El equilibrio de fuerzas dura poco más de cuatro años. Lo destruye el episodio del estanque y los osos polares. El hombre gordo, gordo como el oso polar, es obligado por una turba de canallas a abrir las mandíbulas y soltar a su presa. Arrancan al pequeño pez del vientre de la enorme hembra, pero el pequeño pez sobrevive. Sobrevive como puede hacerlo un retrasado mental. Entonces, la locura, ¿a dónde irá a parar?

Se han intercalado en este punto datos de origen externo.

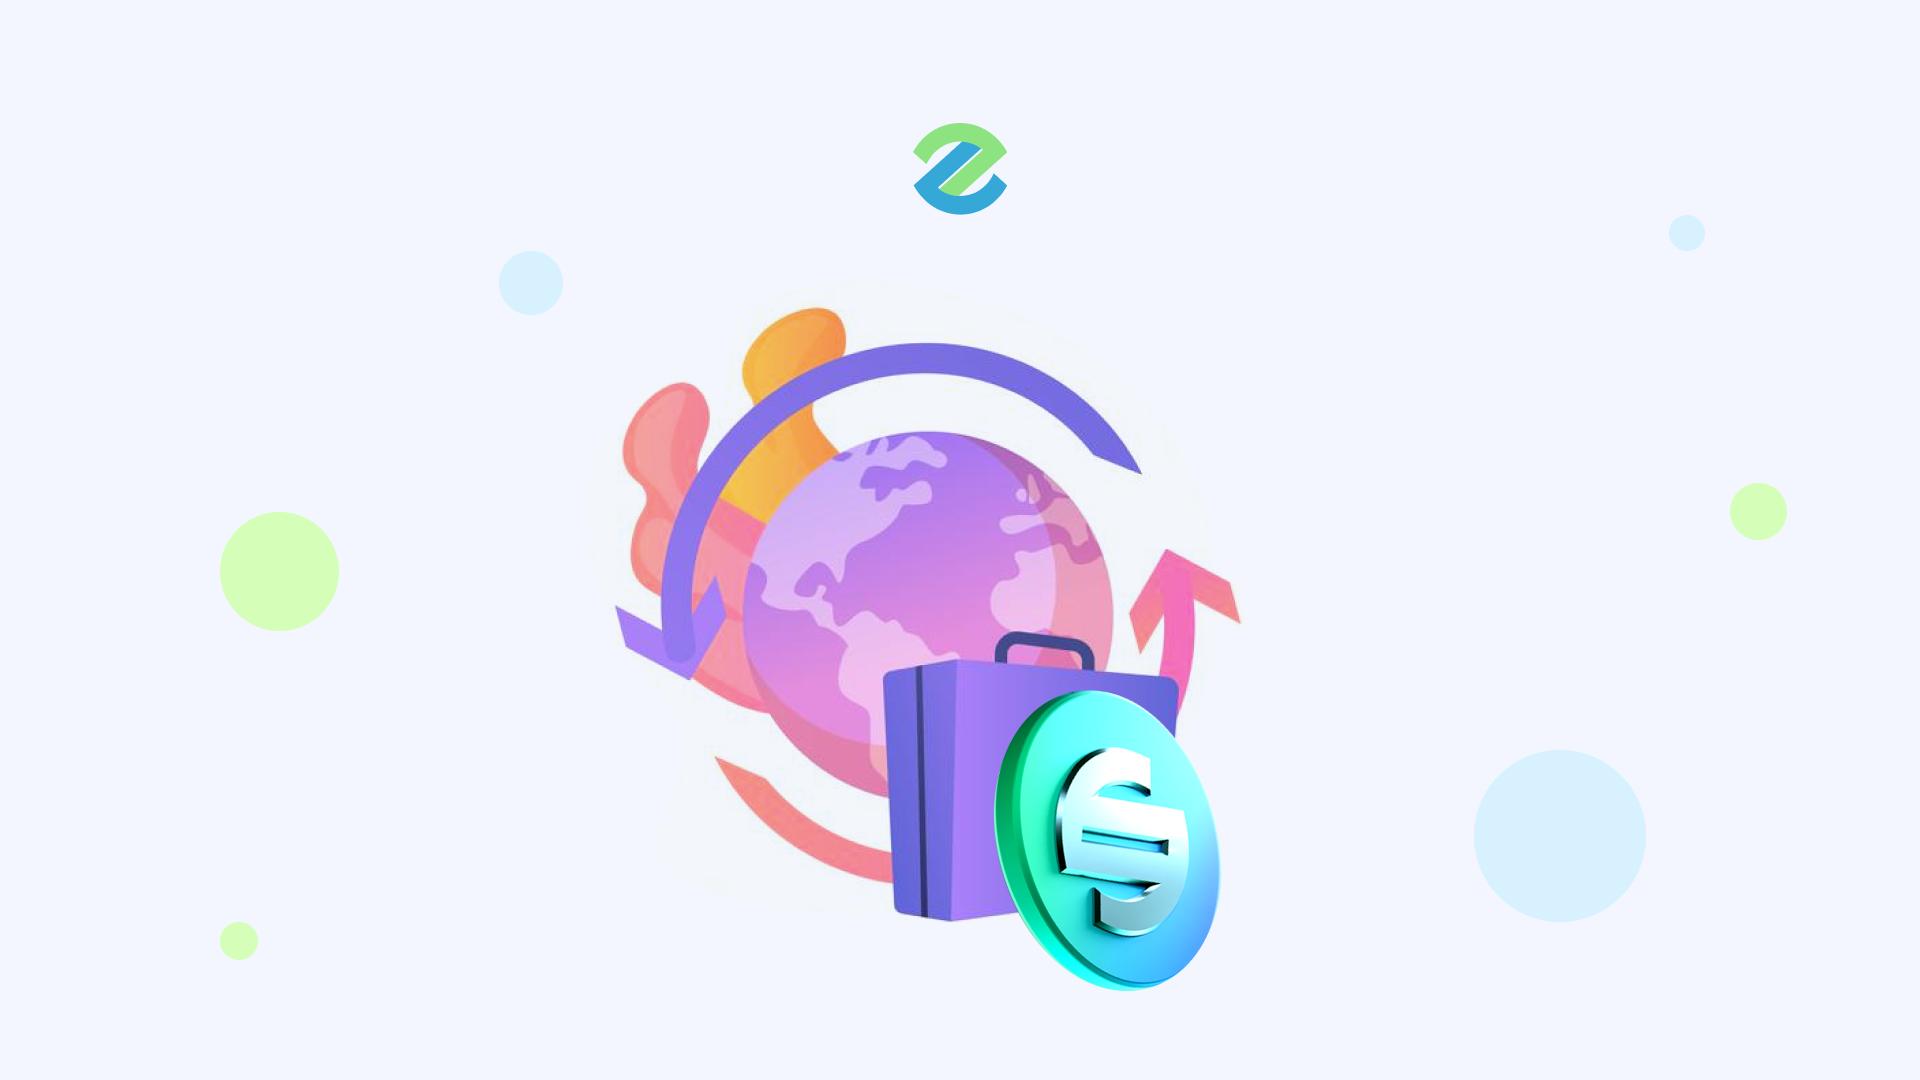 kriptovaljuta zam   novyj investicionnyj instrument2 - Криптовалюта $ZAM – новый инвестиционный инструмент

El final es difícil, puesto que convoca una noción que para nosotros, los occidentales, nos resulta ya muy lejana. El honor es una virtud que casi no nos resuena. La política la ha hecho desaparecer de buena parte del planeta. Sin embargo, en algunas regiones del mundo todavía es preferible pasar por loco antes que ser recordado como un traidor. La sola idea de asesinar al Emperador, el símbolo del Padre Celestial, es de una magnitud tan monstruosa que contradice el orden del universo. Para salvar el orden y el honor, la madre del hombre gordo ha considerado preferible difundir la historia de la locura. ¿O ha sido su hijo quien ha sostenido esta historia, poniéndola en boca de su madre? Si su padre no estaba loco, y su hijo sobrevivirá a la locura del hombre gordo, ¿qué hará él? Ahora que por fin es libre, libre “de hacerle frente en solitario”, ¿quién podrá enseñarle a sobrevivirla?

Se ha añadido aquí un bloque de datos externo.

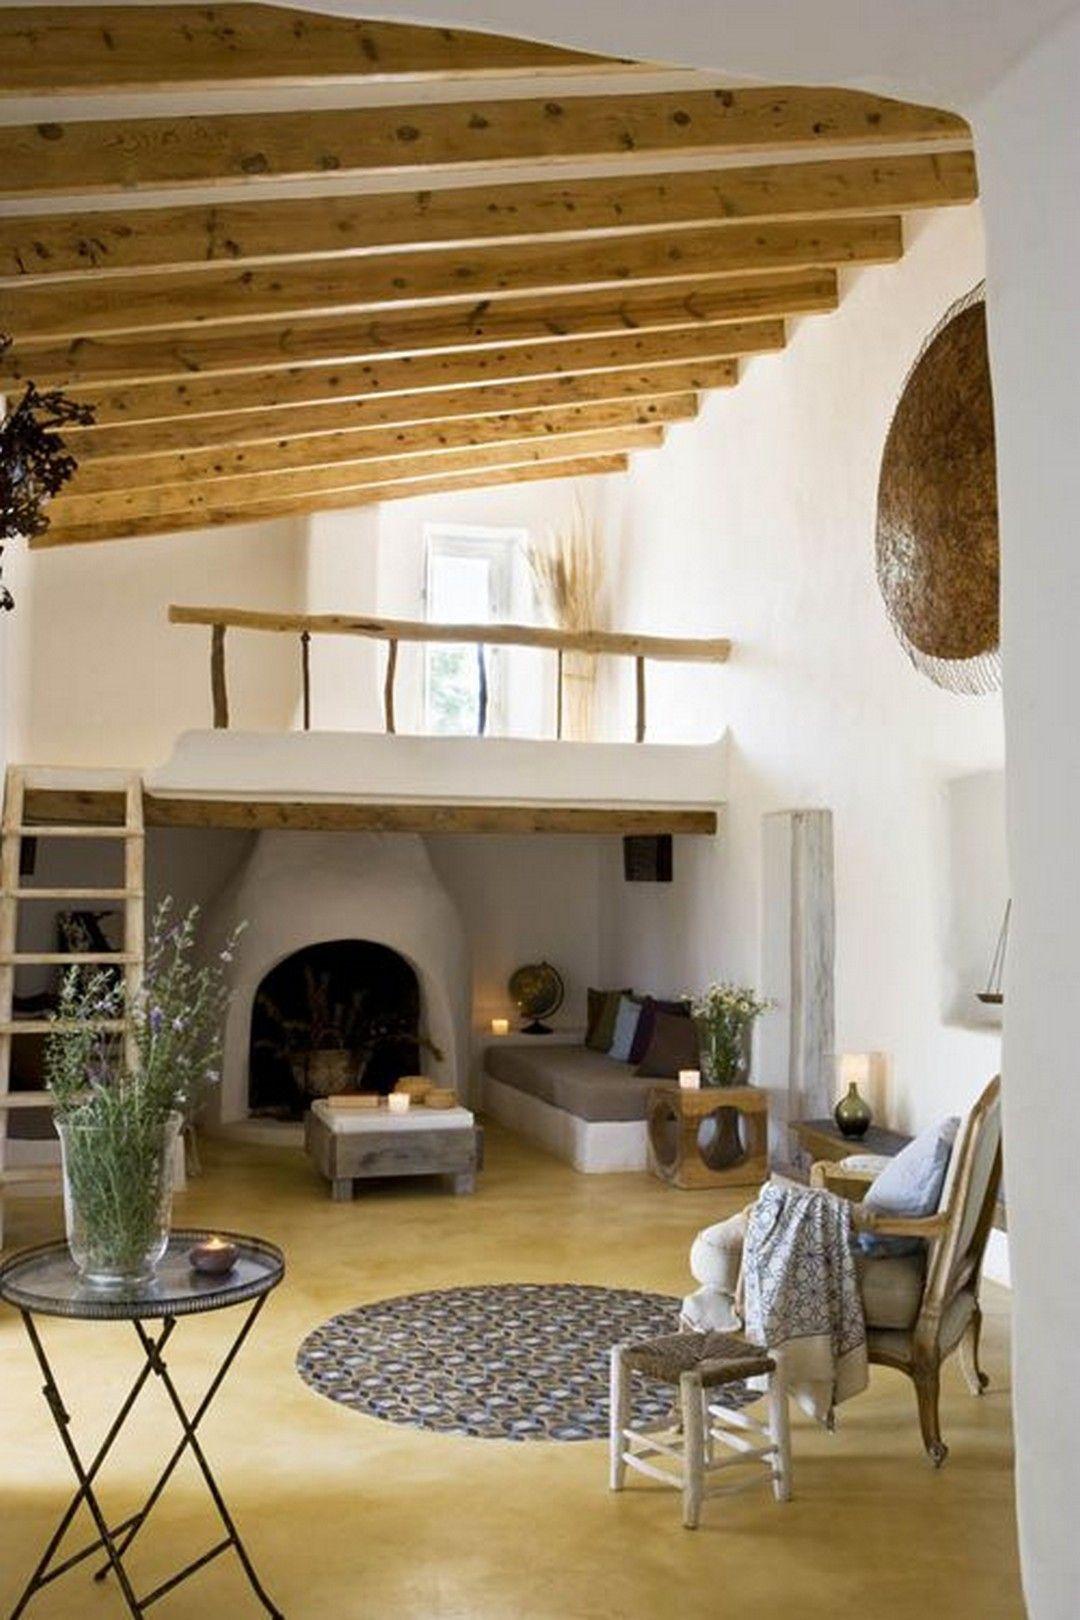 Spanish Farmhouse Design 99 Inpiration Photos

“Un día de primavera, hacia el mediodía, mientras se duchaba después de la sauna, vio delante de él a un desconocido de piel bronceada que le intrigó profundamente. El vaho que empañaba el espejo sin duda estaba allí por algún motivo: ese desconocido era él. A fuerza de observar la imagen que llenaba el espejo, fue advirtiendo en ella numerosos síntomas de desequilibrio mental. Pero, esta vez, ya no tenía ni hijo ni padre con quienes compartir la locura que se apoderaba de él cada vez con más fuerza, amenazando con invadirlo por entero”. Con la historia de la locura paterna y la invalidez del hijo, el hombre gordo ha cubierto de vaho su propio espejo. Todos hacemos más o menos algo parecido. Nos aferramos fuertemente a algo para disimular nuestra locura. Si nos lo quitan, o lo perdemos, caemos en el estanque de la verdad. Y casi siempre sus aguas huelen horriblemente mal.